I started this project after building an assembly table from an issue of Wood Magazine (March 2010). The table was a lot of work (the torsion box top) but the main unit holding the table up was an easy build. That's when I hit upon the idea of using the same design for a group of extra tables for other uses. I've built a number of these already, and am using one as a router table, a miter saw station, and a sharpening station.

It is built using standard re-dimensioned construction lumber (from the big box stores). I can easily build one in a weekend (and have!).

I made this project with two 2×10's (10') with minimal extra lumber. Total cost is about for the lumber is $25-$30 including a top. The most expensive part is the castors. More on these later…

A couple of notes before I start construction. First, when using construction lumber in a project like this, you may need to get more than you need in order to get the clearest final project. Also, buying the larger lumber (like 2×10's) tends to yield the best lumber. Choose your pieces carefully for the cleanest and straightest boards you can find. When ripping the boards, be extra carefull as you might release tension in the boards and cause binding. I was able to find some great lumber by searching through the racks at the local Lowe's store.

Okay, lets get started…

Here is the basic cut list for the project. All lumber is standard 1 1/2" thick construction lumber.

4 - 29 1/2" x 3" Long leg
4 - 24 1/2" x 3" short leg
4 - 21" x 2 1/2" Long Rail
4 - 18" x 2 1/2" Short rail
1 - 18" x 18" x 3/4" MDF or Plywood
4 - 1 1/4" x 1 1/4" x 14 1/2" shelf cleat (make from ripping scraps)

Optional
1 - 24" x 35" x 3/4" MDF or Plywood top

*Starting the build…*

First, we need to cross-cut our lumber into reasonable lengths to make it easier to rip. I cut two 31", two 26", and four 24" inch pieces. The 31" & the 26" pieces will be ripped to 3" wide. The 24" pieces will be ripped to 2 1/2" wide. Here is how to do this.

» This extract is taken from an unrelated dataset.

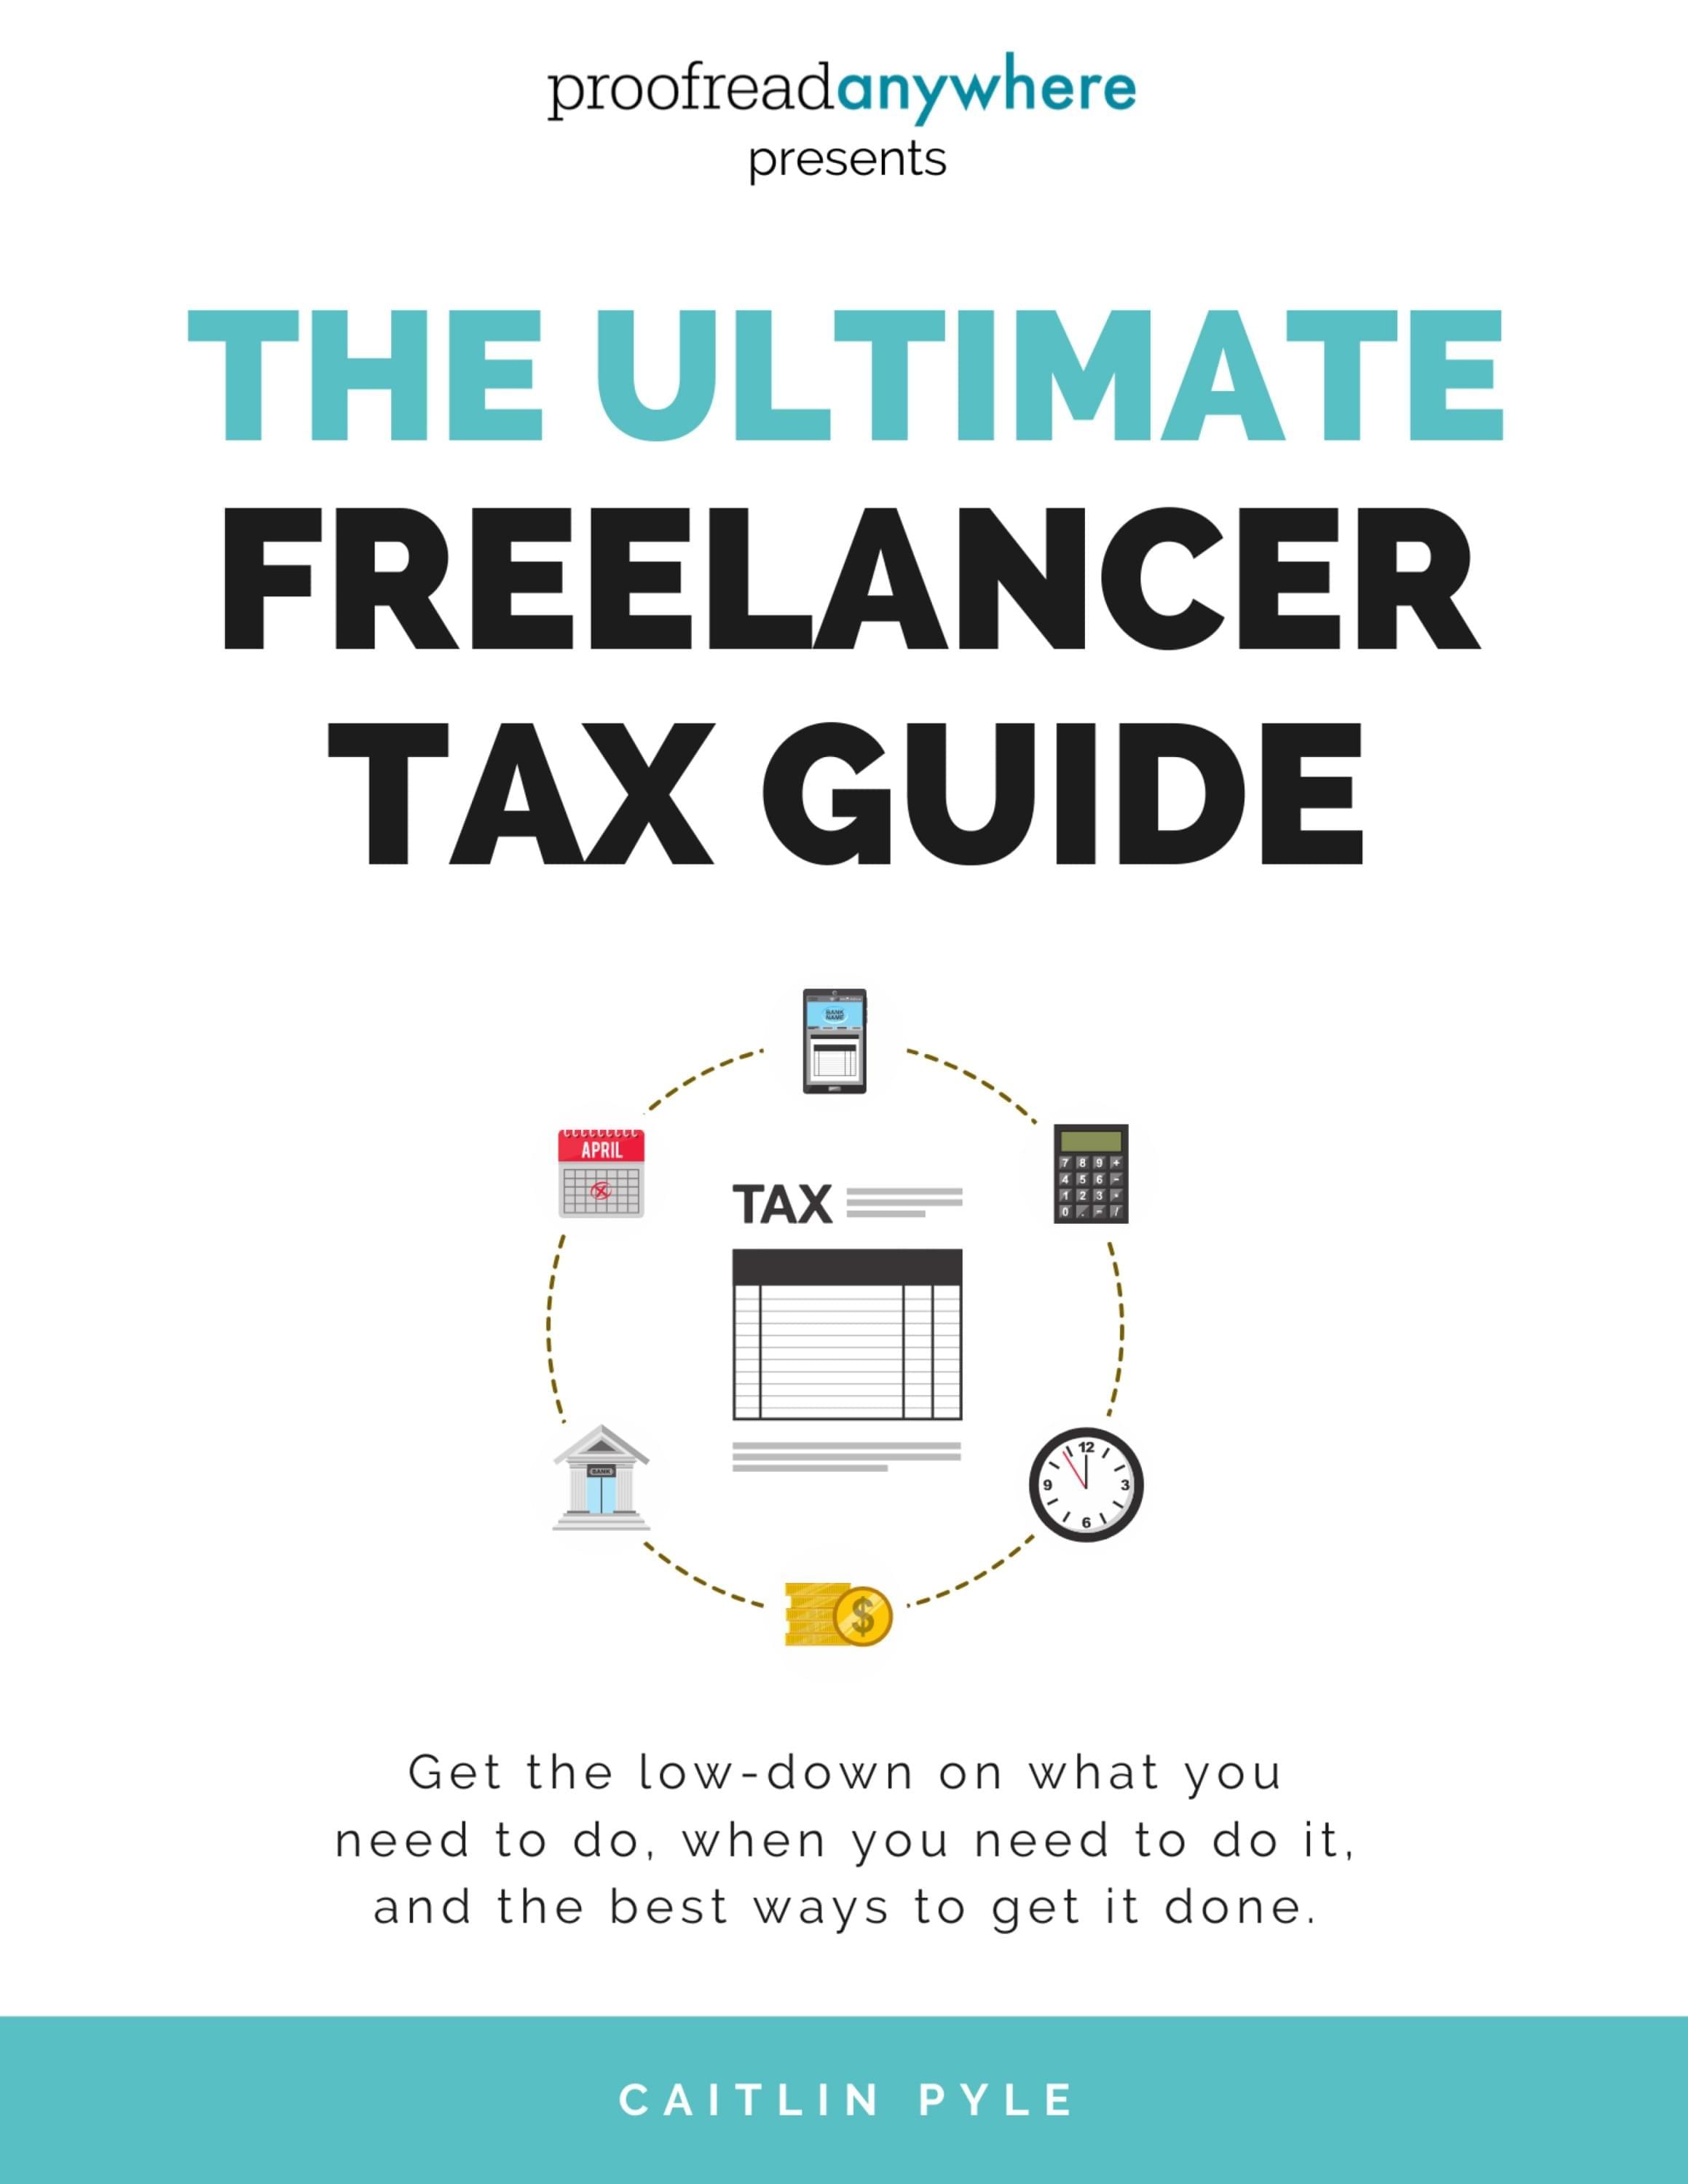 The ultimate freelancer tax guide

Below: The boards are first cross-cut to make ripping easier.










*Ripping the Stock:*

Set your fence at 9" to trim off one edge of ALL of the boards (assuming you are using 2×10's). Lay the 24" boards asside. After trimming off one edge, set your fence to make a 3 1/2" cut. Rip the 31" & the 26" boards twice. You should have 8 boards of various lengths, all approx 3 1/2" wide. I pre-cut them this way to releive any stress in the lumber before cutting to final width.

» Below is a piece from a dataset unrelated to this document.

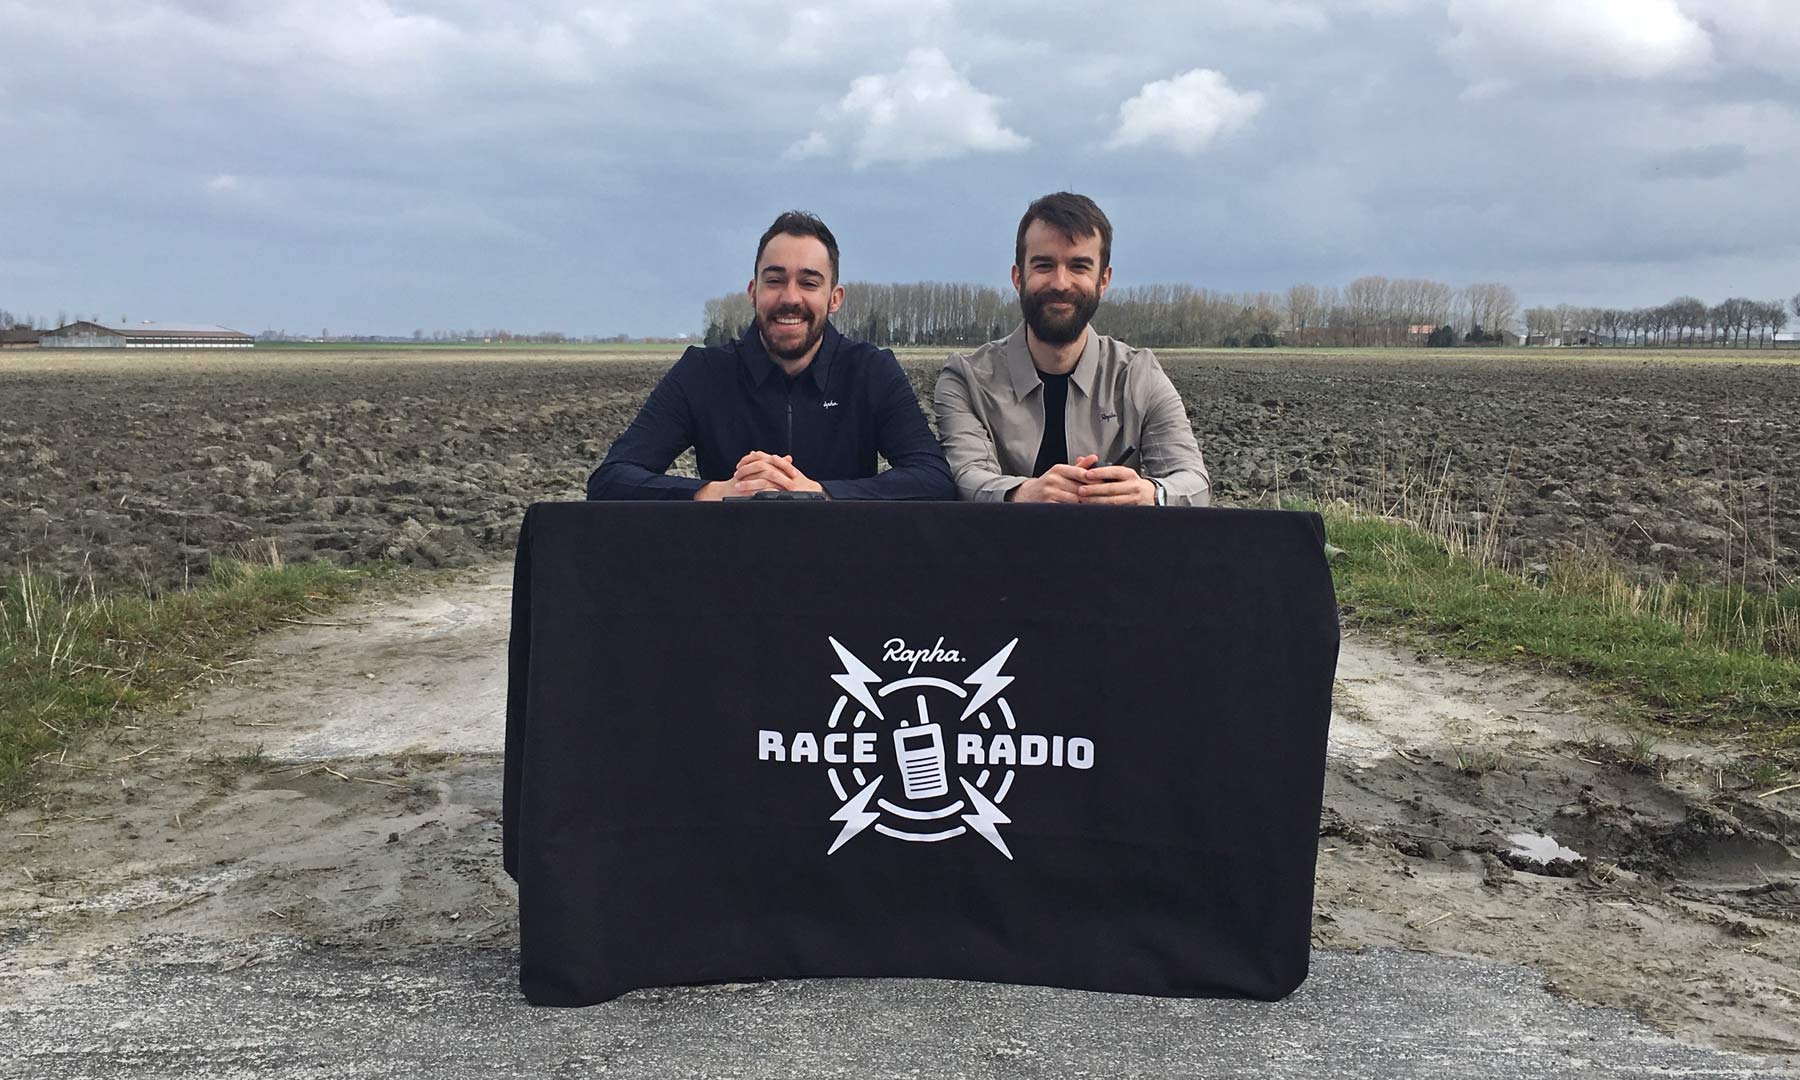 Follow the pros with roadside coverage from Rapha Race Radio

Now let's do the same for the 24" lengths. Set your fence to make a 3" cut. Rip the 24" boards (once again to releive any stress in the lumber). Rip each board twice. You should have 8 boards approx 3" wide. Save your scrap as we will use it later to make cleats for the shelf.

If you have a jointer, joint one edge of each of the boards and mark the jointed edge.

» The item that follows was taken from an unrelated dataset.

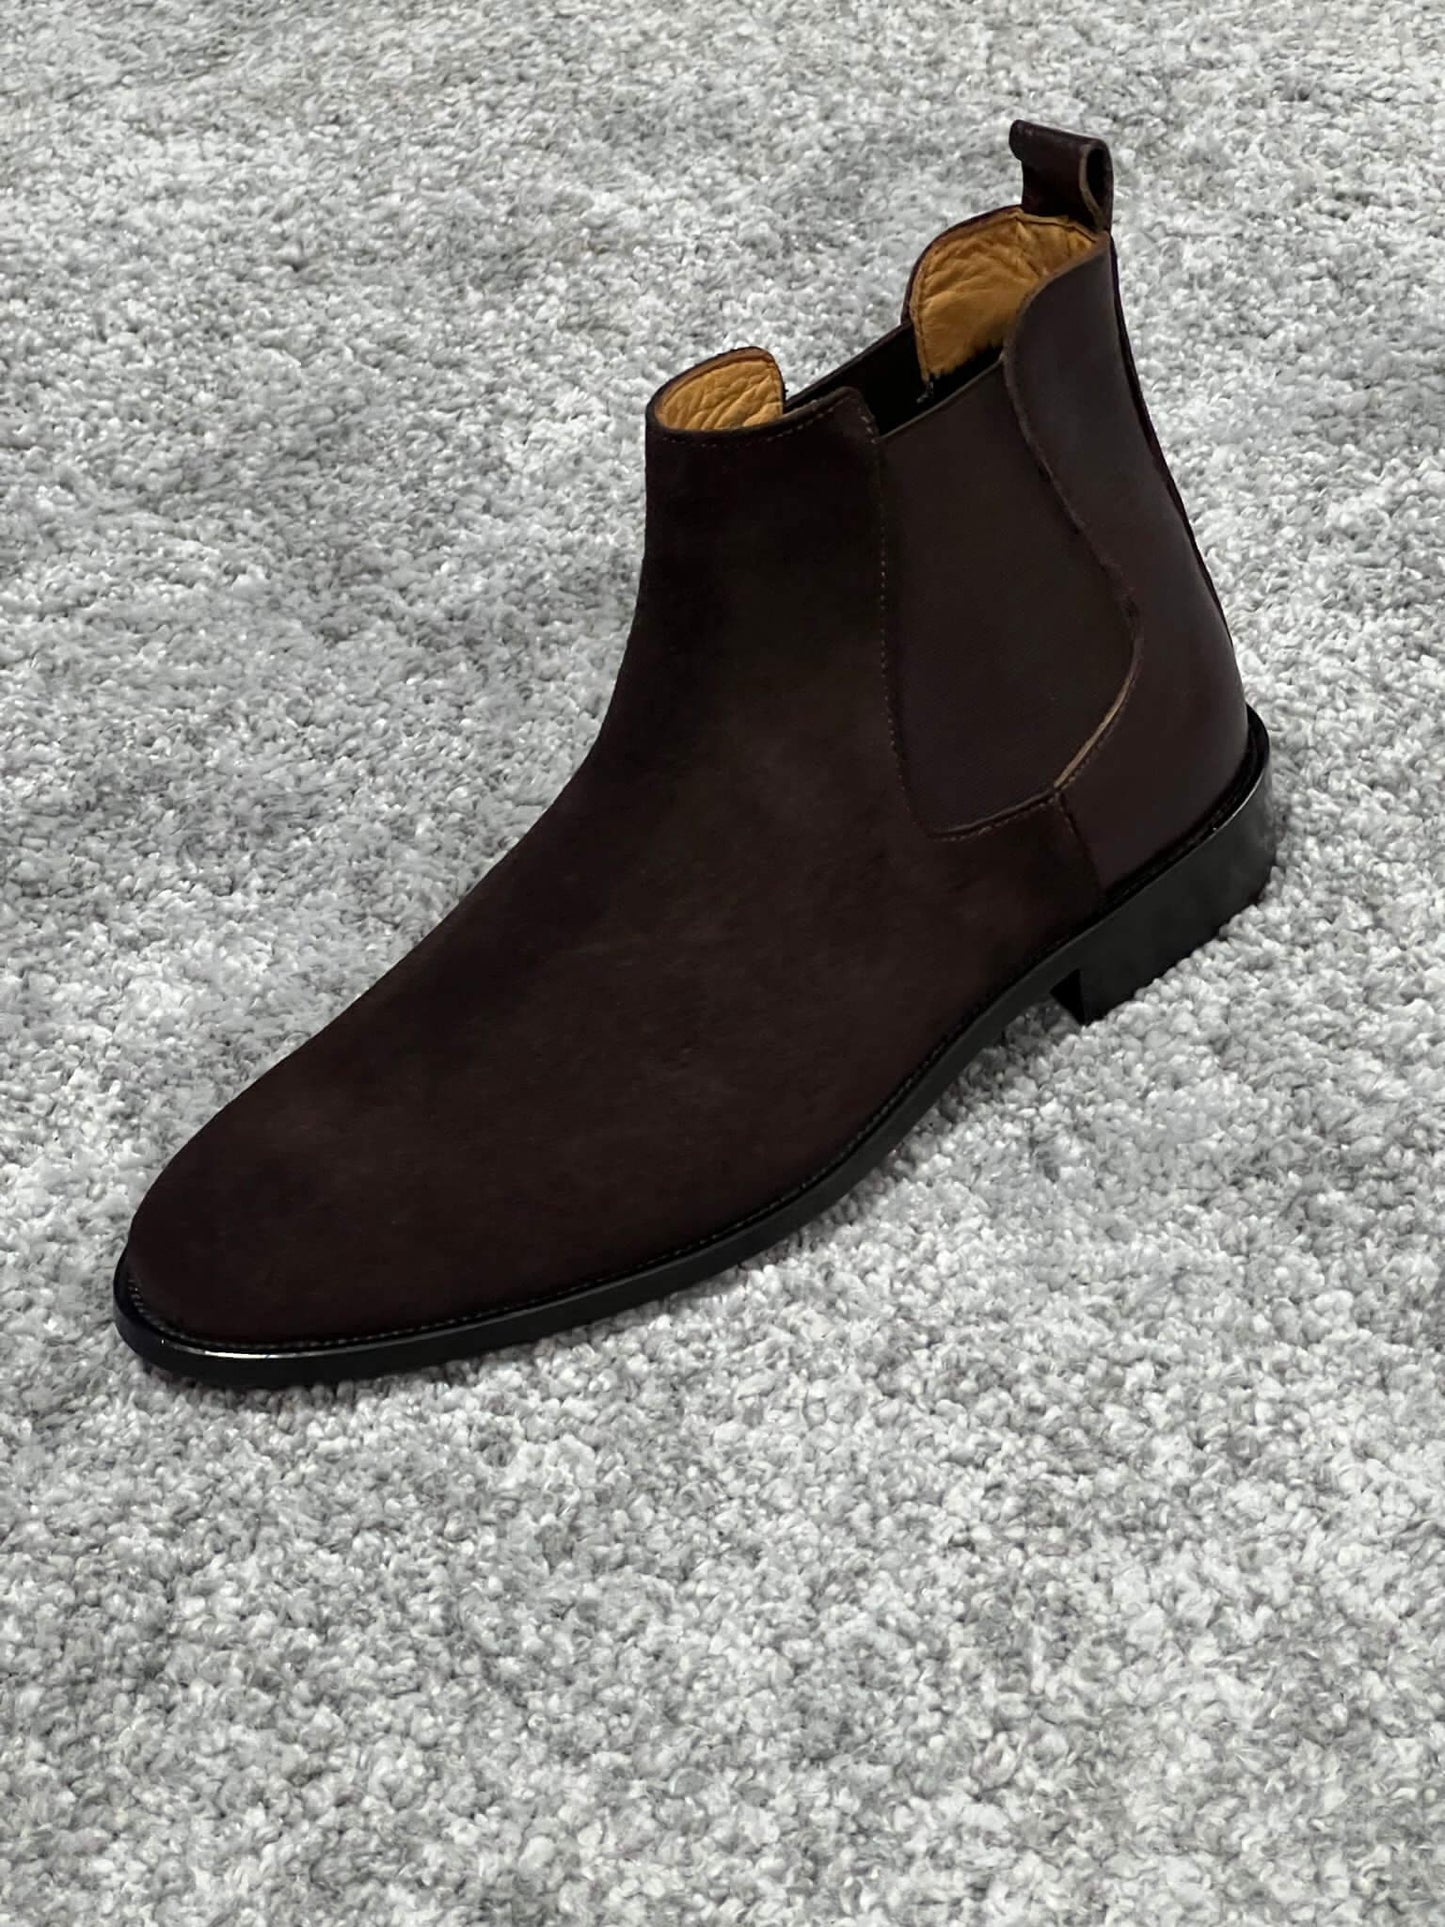 Suede Brown Chelsea Boots

Below: Ripping the first edge off of the dimensional lumber.










Below: Rip the stock extra wide to releive tension in the lumber.










Below: If possible, run the edge on your jointer - if you don't have a jointer, just cut the stock to final width!










Below: Don't forget to mark your jointed edge!










*Cutting to Final Width:*

You should now have a stack of 16 boards. 8 of them should be 3 1/2" wide and the other 8 should be 3" wide.

Set your fence to make a 3" cut. Rip the 4 31" & 26" pieces - lay these aside. Reset the fence to make a 2 1/2" cut. Rip the 24" pieces at this time - lay these aside as well.

Below: Rip the stock to final width










Below: The sixteen parts are cut to final width.










*Cutting to Final Length:*

Cut the various pieces to the sizes listed in the cut list. Cut one end off of each piece to square it up, then cut all of the various parts to length. If your using a chop saw like I did, use some scrap to back it up to avoid blow out.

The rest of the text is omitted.